Когда Минувшее столкнулось

Лоб в лоб с просроченным Грядущим —

Над человеком кровь сгустилась.

И человек, влетев случайно

В остановившееся время,

Моргает головой просторной.

(В кастрюле хруст его извилин).


Он вспоминает из кармана,

Как, сидя в бой на унитазе,

До нитки проигравшись в прятки

И рассыпаясь на квадраты —

Он выключил себя снаружи,

Потом задул свечу внутри.


Теперь на все замки открытый,

Став человеком из огрызков,

Он лёжа правит бал на сцене,

Играя первую похлёбку

В анатомическом театре.

Его душа бежит по трубам

Рыгая на ходу подмёткой,

Ручей членораздельной речи

Стекает на пол из затылка.


Над ним патологоанатом

Склонился с хохотом печальным,

Разглядывая по спирали

Бесценную работу смерти.

Вокруг отвисли чьи-то лица,

Глазами собираясь в точку,

Вникая с разворота в тему:

Причина смерти человека.


За окнами осенний вечер.

Потусторонний город…

Вечность…

Спросонья сумеречной пеной,

Покрылся воздух изнутри.


А где-то рядом во Вселенной,

Под сводом внеземной зари,

На основании ребёнка,

Забыв размерами про стыд,

Мечтают двое перепонкой,

Подробно воя на кусты.

Настроенье моё чудесное…

Настроенье моё чудесное,

В ухе заснула блоха.

Обои рваные, тесные,

В подушку набита труха.


И за нос меня гномы дёргают…

Зачем, всё же, я живу:

Чтоб шкаф двигать в бездну чёрную

И в этом лежать шкафу?

Смеркалось. Мысли лезли к потолку…

Смеркалось. Мысли лезли к потолку.

Вращался обруч кровеносного пейзажа.

На свежем мертвеце играла в карты стража,

Накладывая скуку на тоску.


Кто застрелил Байкова под шумок,

А после в рану вполз и притворился пулей?
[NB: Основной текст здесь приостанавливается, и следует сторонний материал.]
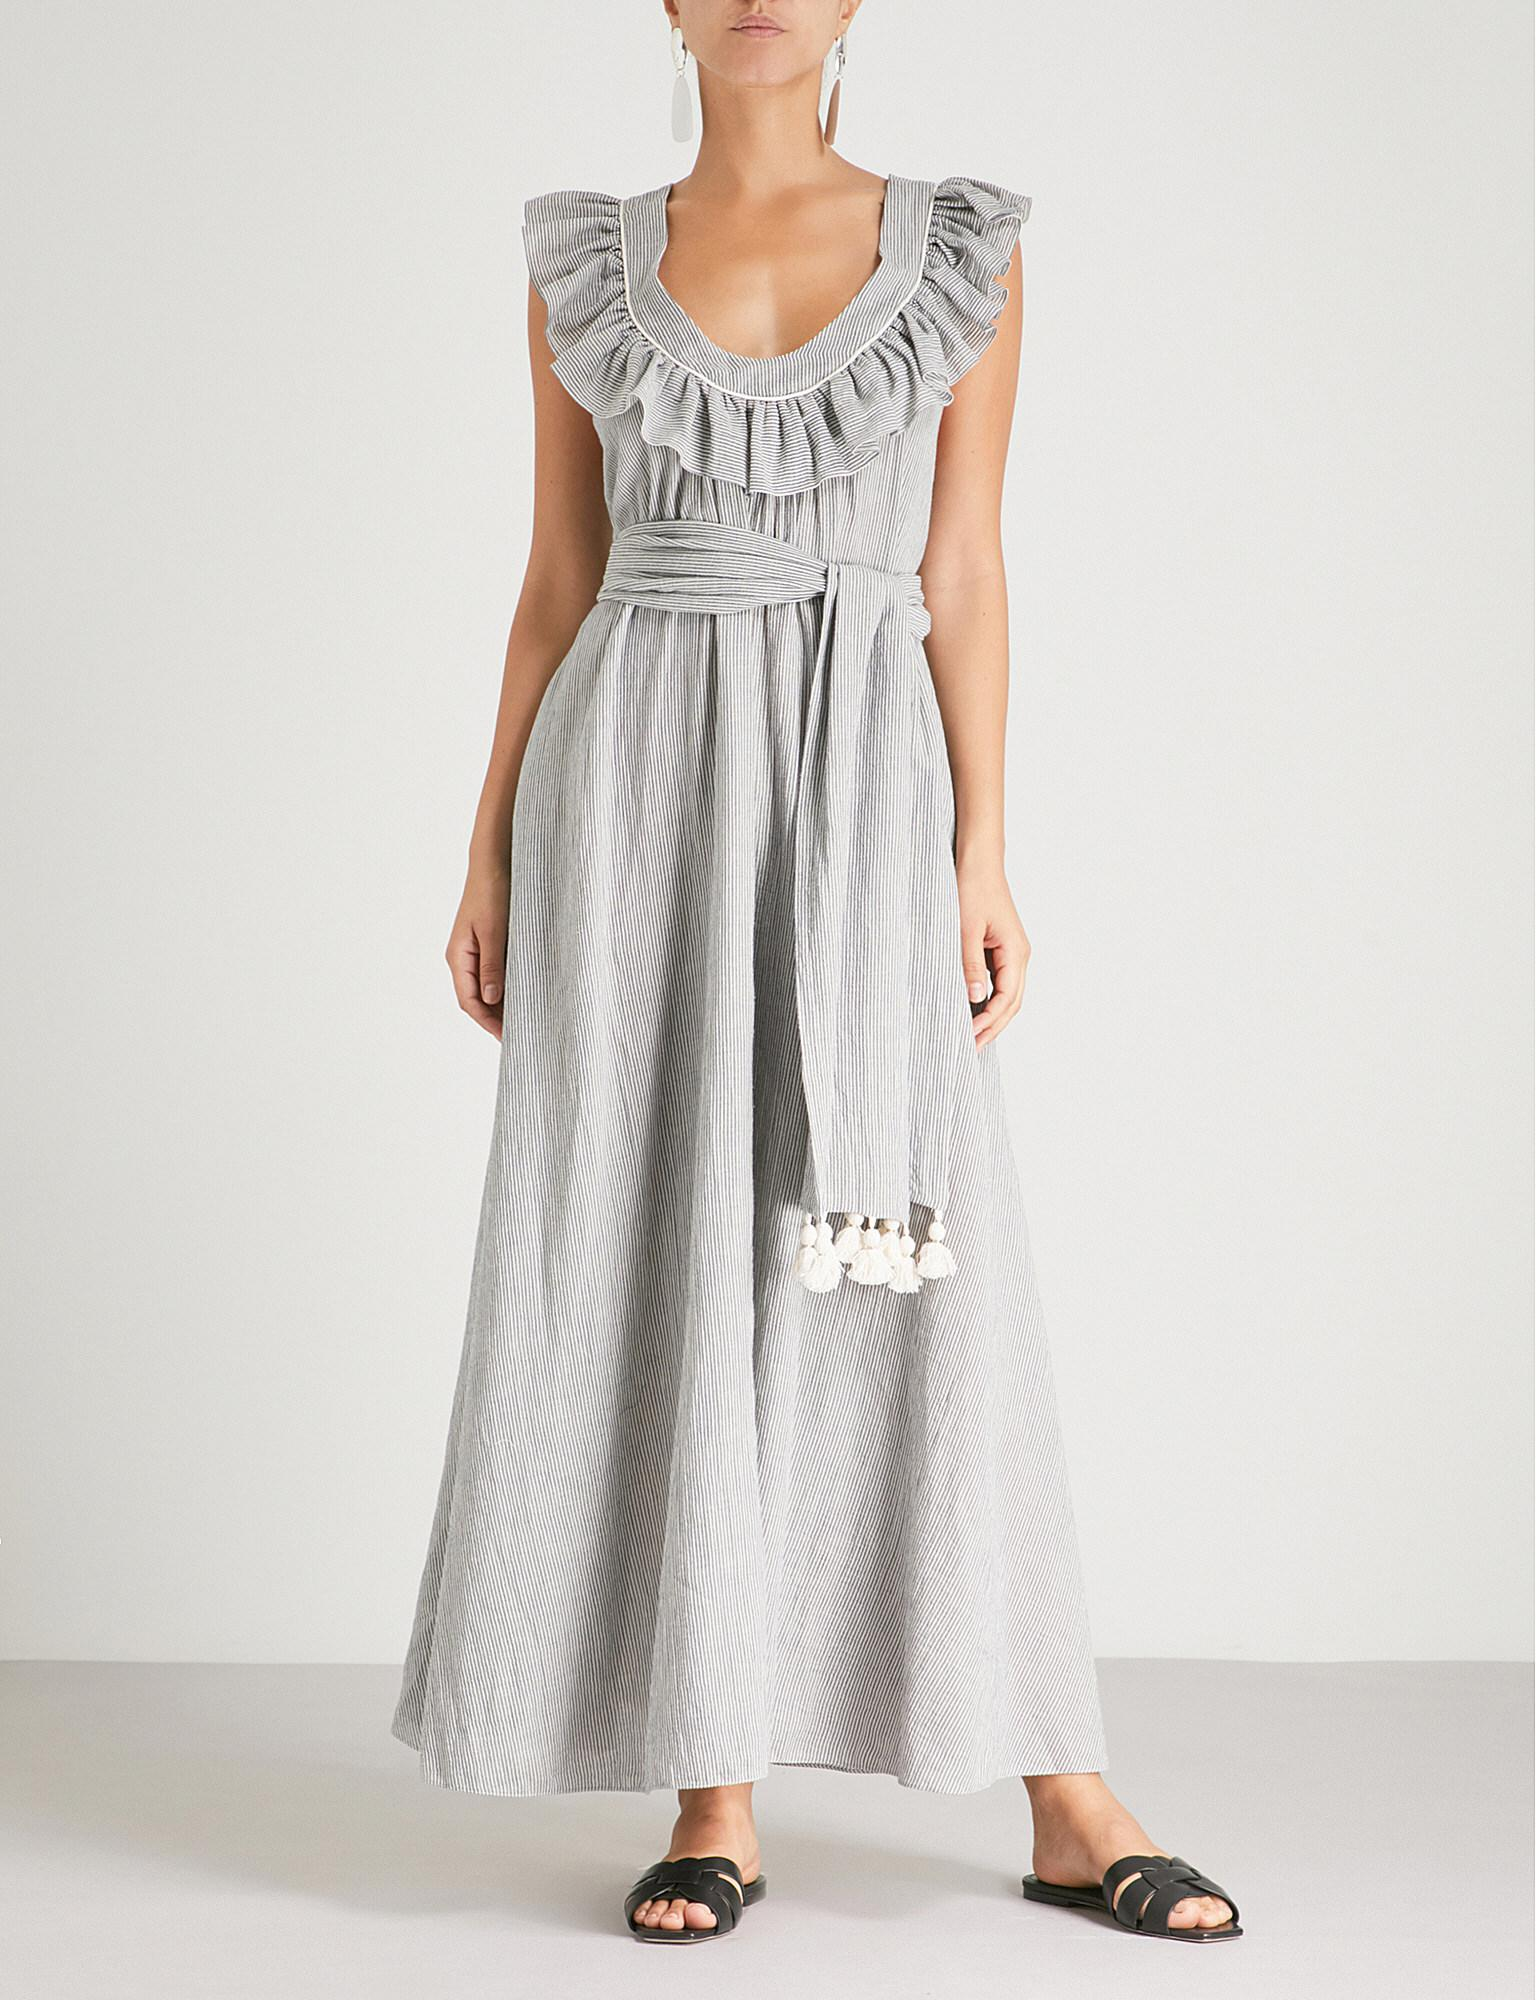 Geraldine cotton-blend maxi dress Three Graces London Cheap Sale Low Shipping 14EP5sLZ

Под полицейскими задами выли стулья,

А тело мысленно просилось в морг.


Душа качалась на своих ветвях,

Убийца корчил рожи ей, дыша чуть слышно.

На письменном столе лежал Байков остывший,

Герой сюжета в криминальных новостях.

Висит отточенное – небо слышится…

Висит отточенное – небо слышится.

Сидит откормленное – руки падают.

Стоит открытое…

Ничто не движется в метро каменных лиц.


Кричат закрытые рты – их нет.

В глазах гнездятся птицы —

не становись в очередь.

Неслышим-Невидим встал:

«Тсс-ссс… Остановка Серых Мышей!..»

У живого за хвост человека…

У живого за хвост человека

Скособочено время внутри:

Из пустого кармана – с разбега,

Он глядит сразу нб две зари.


А в прокуренном сердце иголка

Отдаётся ногами вперёд.

Время тянется быстро. Как долго

Жить осталось в искусственный лёд?


Над землёй разрастаются солнца —

Сыном, Духом Святым и Отцом,

Где на множество маленьких порций

Нарезается время свинцом.

Душа от тела отрывает кровь…

Душа от тела отрывает кровь —

Ей влага зрячая разумней после тела.

Сухая глина возвратится вновь,

Туда, откуда свыше прилетела.


Оттуда осень кажется весной,

Там свет по кубикам возводится в квадраты,

Туда проснётся то, что было мной,

Без имени и сумеречной даты.

Юный Боже лесных фотографий…

Юный Боже лесных фотографий

Трепет сферы воздушных девичеств

Принимал как свою бесконечность.

Полыхающим снегом окутан,

Он разбитые чаши событий

Наполнял отражением мёда.


Внутривенное солнце в зените —

Время выхода в собственный космос,

Изразцовое время2 (в квадрате),

Где в растительном омуте текста

Обитает загробная рыба,

Как сестра без сестры и без брата.


Отрываясь от берега ночи

На исходе бессонницы летней,

Принимая свою бесконечность,

Я смотрел на полярные звёзды,

Как рассвет отделялся от волка,

Обнаженного кровью оленьей.

Полнолуние молится в сторону сонной артерии…

Полнолуние молится в сторону сонной артерии.

Вниз словами шевелится книжная пыль эзотерики.

Заколочена кровь. Заживает Второе Пришествие.

Утопая в часах, друг за друга цепляются шйстерни.


Время ходит е-два – е-четыре за линию вечности.

Храм от света отрезан горящими в золото свечками.

Осыпается дно. На зубах сокровенное крошево.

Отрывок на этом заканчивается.